Across the photographer-workflows survey (12 working photographers, 6 portrait + 6 landscape), the single highest-recurrence gap was batched per-region adjustment — 7/12 photographers reach for it as a load-bearing technique. Variants:

  • Dodge and burn on a face — Aaron Nace, Sean Tucker, Lindsay Adler — typically 5-15 small mask-bound exposure adjustments per portrait, articulated by photographers as one move ("I'm sculpting the face"), not 12.
  • Dodge and burn on a landscape — Nick Page, Marc Adamus, Serge Ramelli, Mike O'Leary — same shape: brighten the foreground rocks, deepen the cloud shadows, lift the catchlight on water, all as one cohesive sculpting pass.
  • Eye-region contrast lift (portrait) — separate +exposure on each iris + selective sharpening on lashes + slight saturation lift on iris color — articulated as "fix the eyes," produced as 3-5 calls.
  • Skin spot harmonization — small per-region color shifts on a half-dozen patches, articulated as "even out the skin," produced as 5-10 calls.

Today each region is a separate apply_primitive(image_id, primitive_name, mask_spec=...) call. For a typical portrait dodge-and-burn pass, the agent emits 5-15 such calls back-to-back. This works, but it produces:

  1. Snapshot churn — 5-15 snapshots in the per-image content-addressed object store for what photographers conceive of as one move. log becomes unreadable; diff between two coherent edit states crosses 12 hops of intermediate gibberish.
  2. Agent reasoning noise — the agent has to reason about each region as an independent decision and re-establish the "this is a coherent dodge/burn pass" framing each turn. The framing is lost.
  3. Cost overhead — N MCP turns instead of 1; N prompt-context refreshes; N tool-result formatting passes.
  4. Verbosity in vocabulary-patterns.md — every pattern doc that uses dodge/burn has to describe the N-call manual workflow.

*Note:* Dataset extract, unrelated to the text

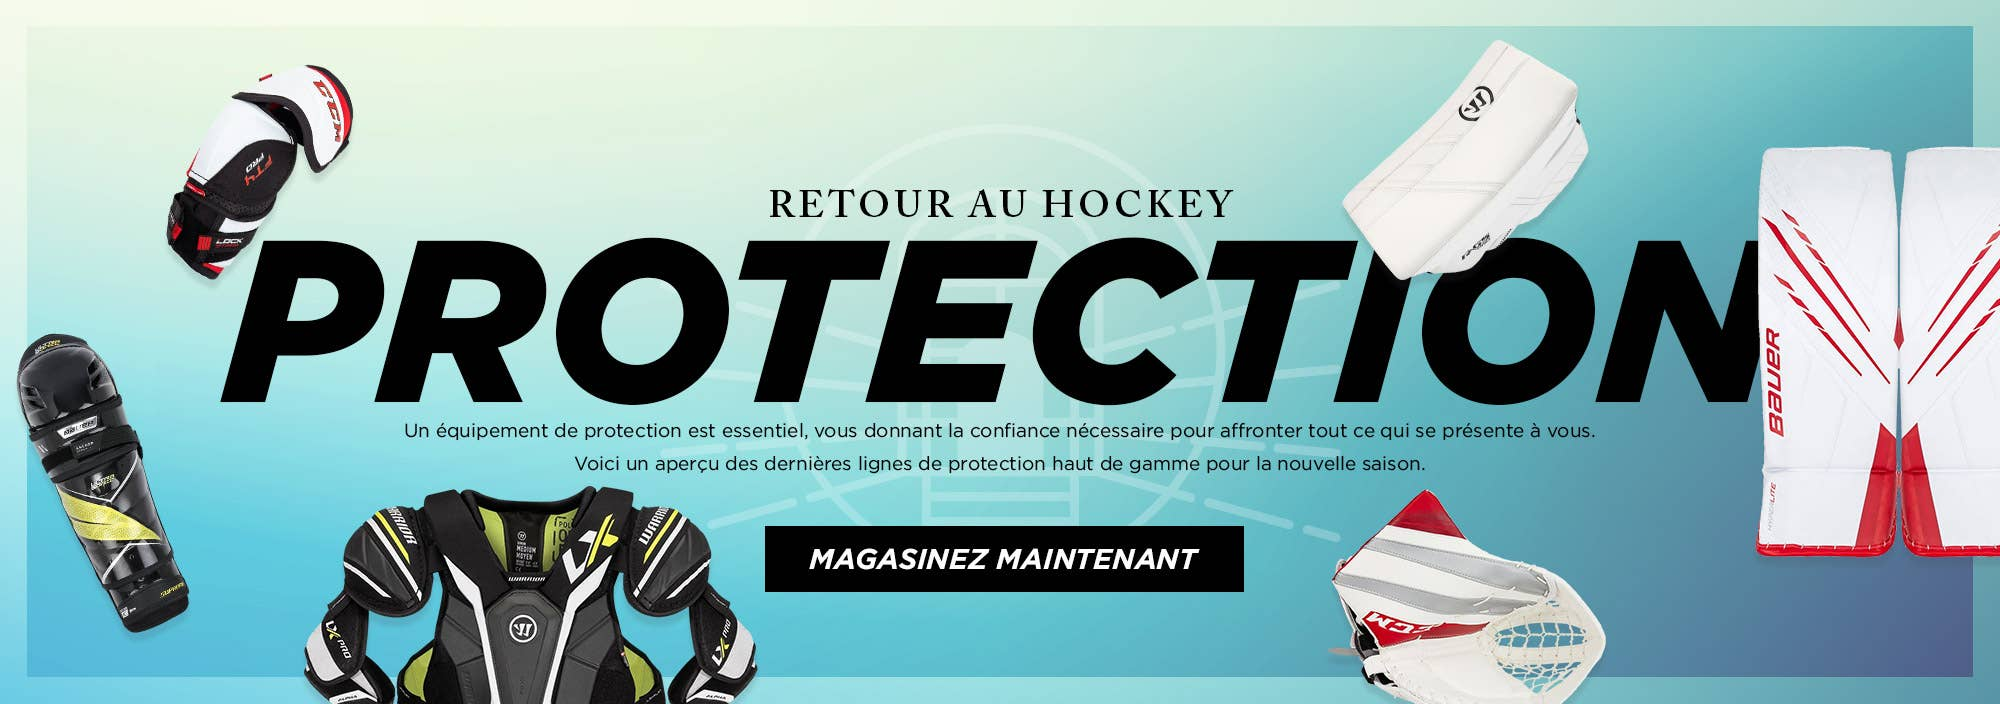 Retour au Hockey: Protection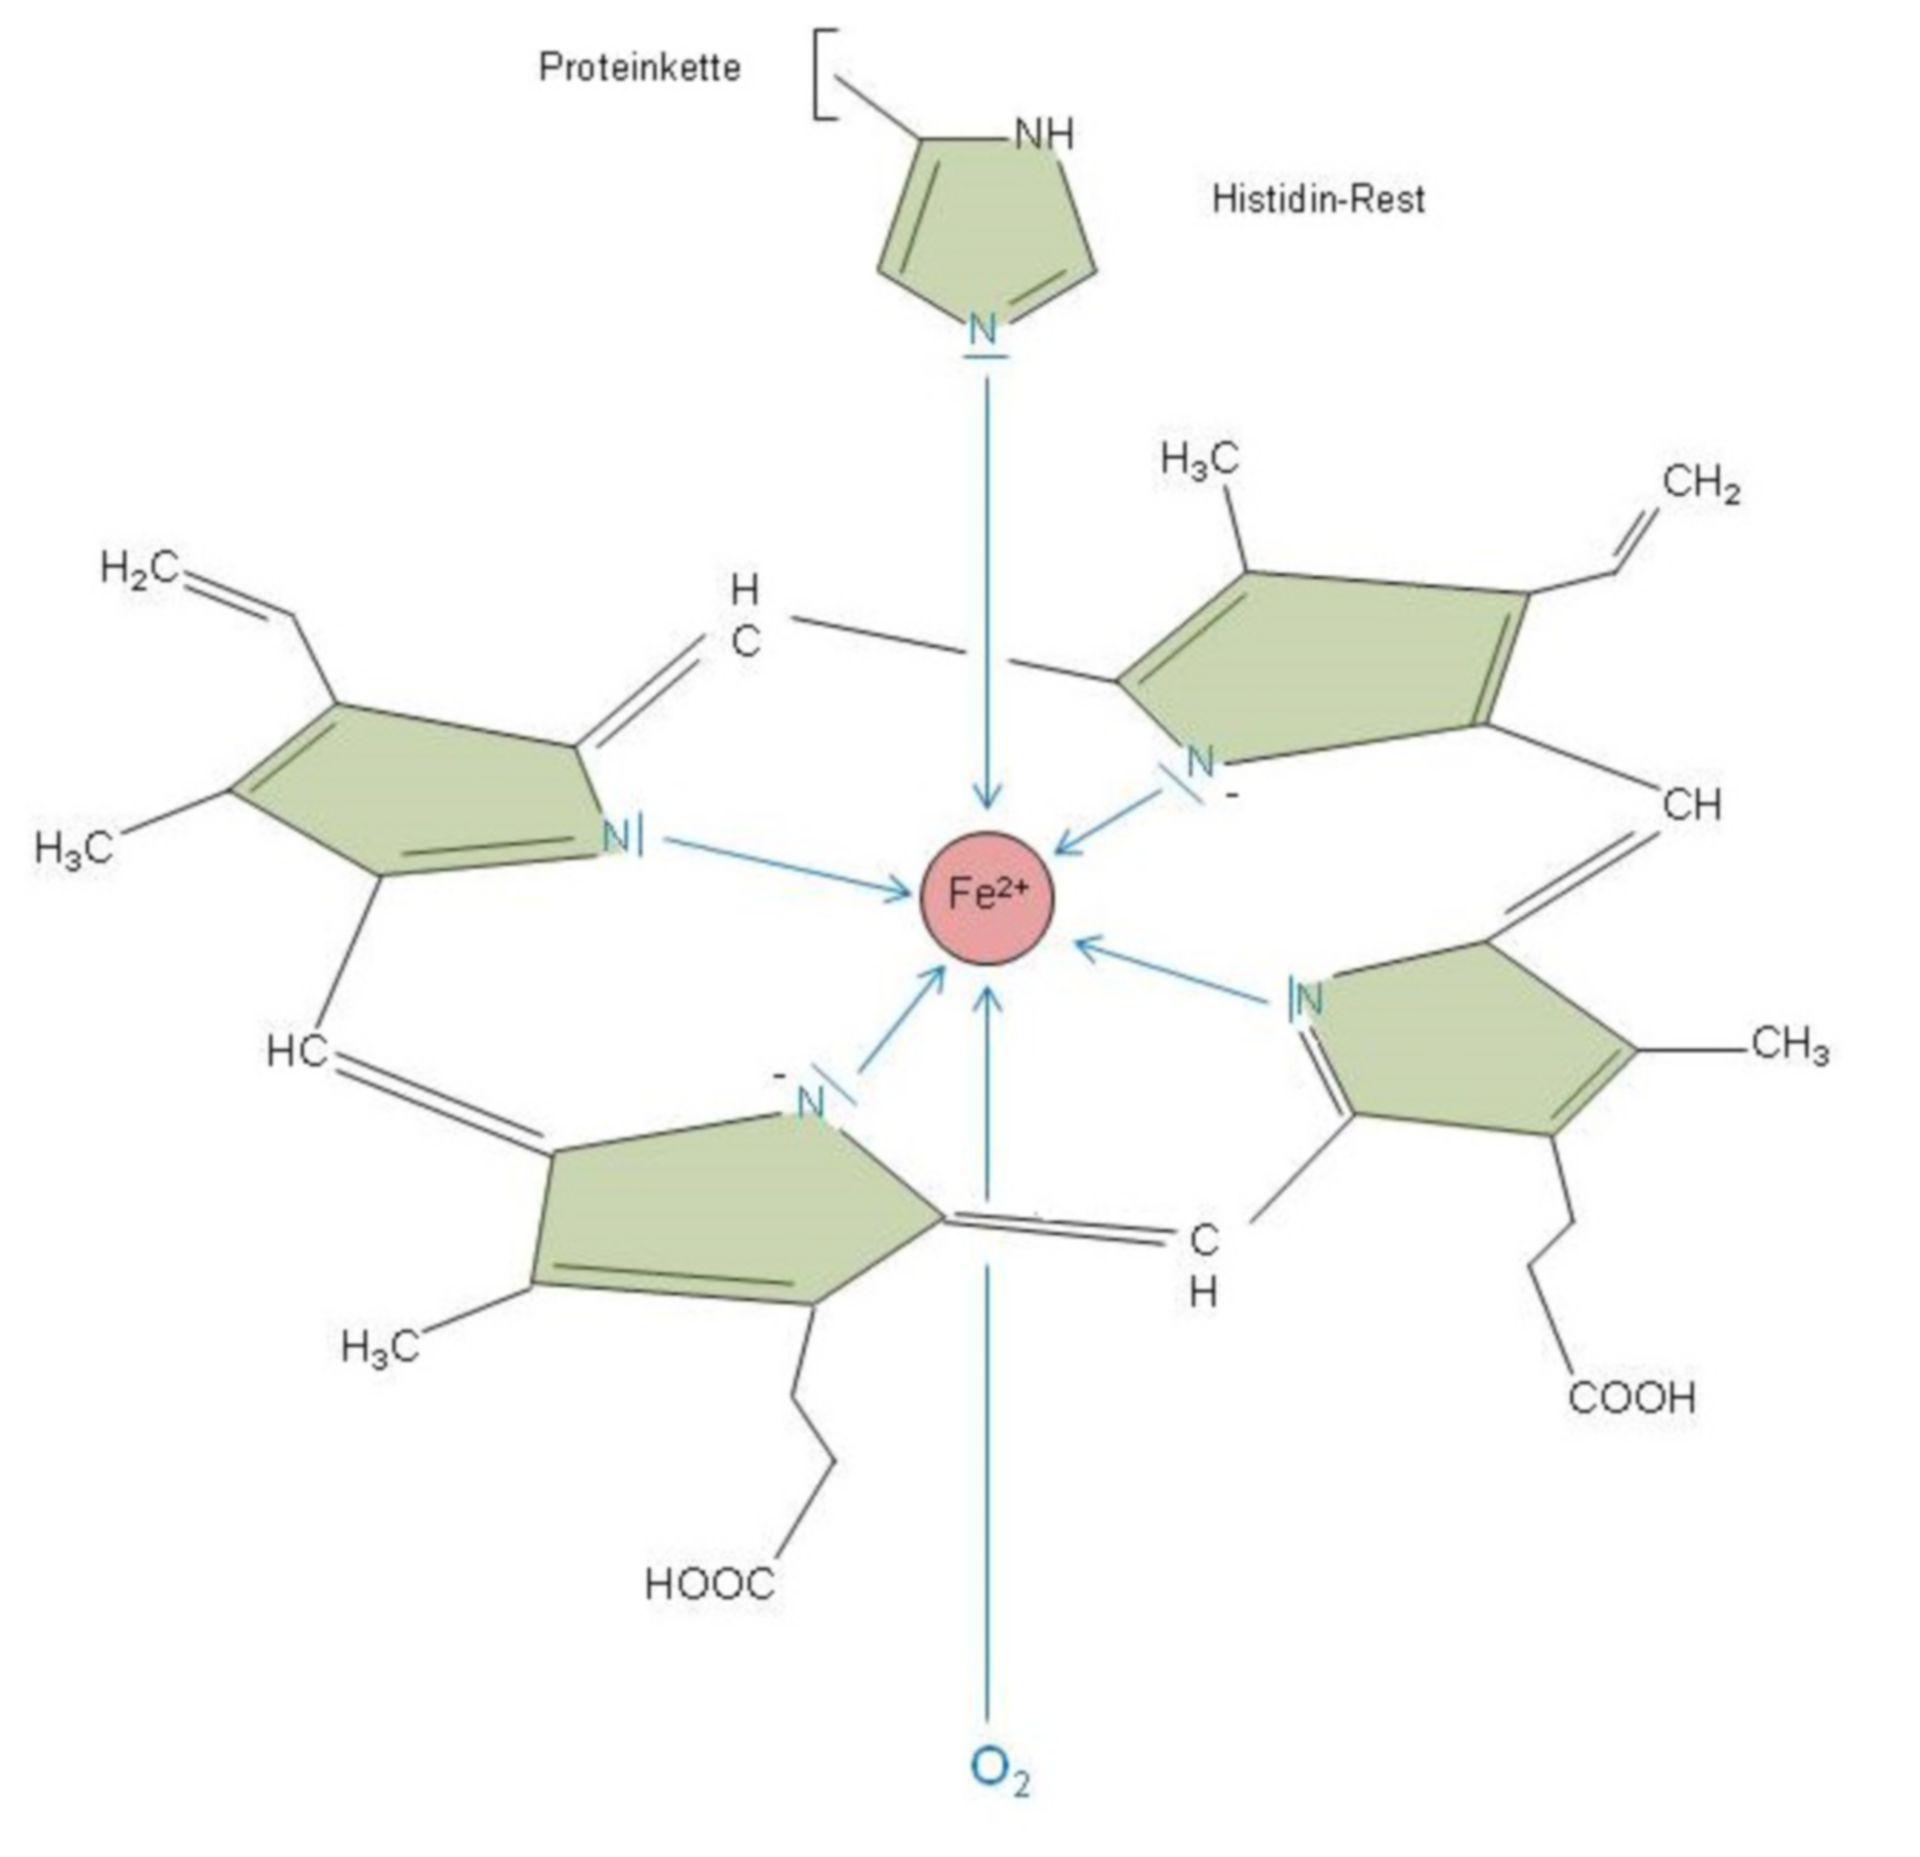 Struttura del eme con i leganti supplementari emoglobina - Patrick Messner

The wire is right; the ergonomics aren't. What's the right surface for "this is one move with internal structure"?

Use cases

Concretely, the agent should be able to express each of these as a single coherent move:

  • Portrait dodge-and-burn (Nace 6-step workflow, Step 5): brighten cheekbones, brighten nose-bridge highlight, brighten brow ridge, deepen jaw, deepen temple shadow, deepen under-eye recess. 6 regions, all exposure op, mixed signs.
  • Landscape dodge-and-burn (Page luminosity-mask workflow): lift foreground rocks (+0.3 EV), lift water highlights (+0.2 EV), deepen cloud shadows (-0.4 EV), deepen frame edges (-0.2 EV). 4 regions, exposure op, mixed signs.
  • Eye-region detail lift (Adler 3-step retouch): +exposure on each iris; +sharpening on each lash region; +saturation on each iris color. 3 ops × 2 regions = 6 calls collapsed into 1 batched move.
  • Skin spot harmonization (Woloszynowicz Skin Tone uniformity workaround): selective hue/sat shifts on 5-8 small mask-bound regions in the orange-skin band. Same op, varying parameters.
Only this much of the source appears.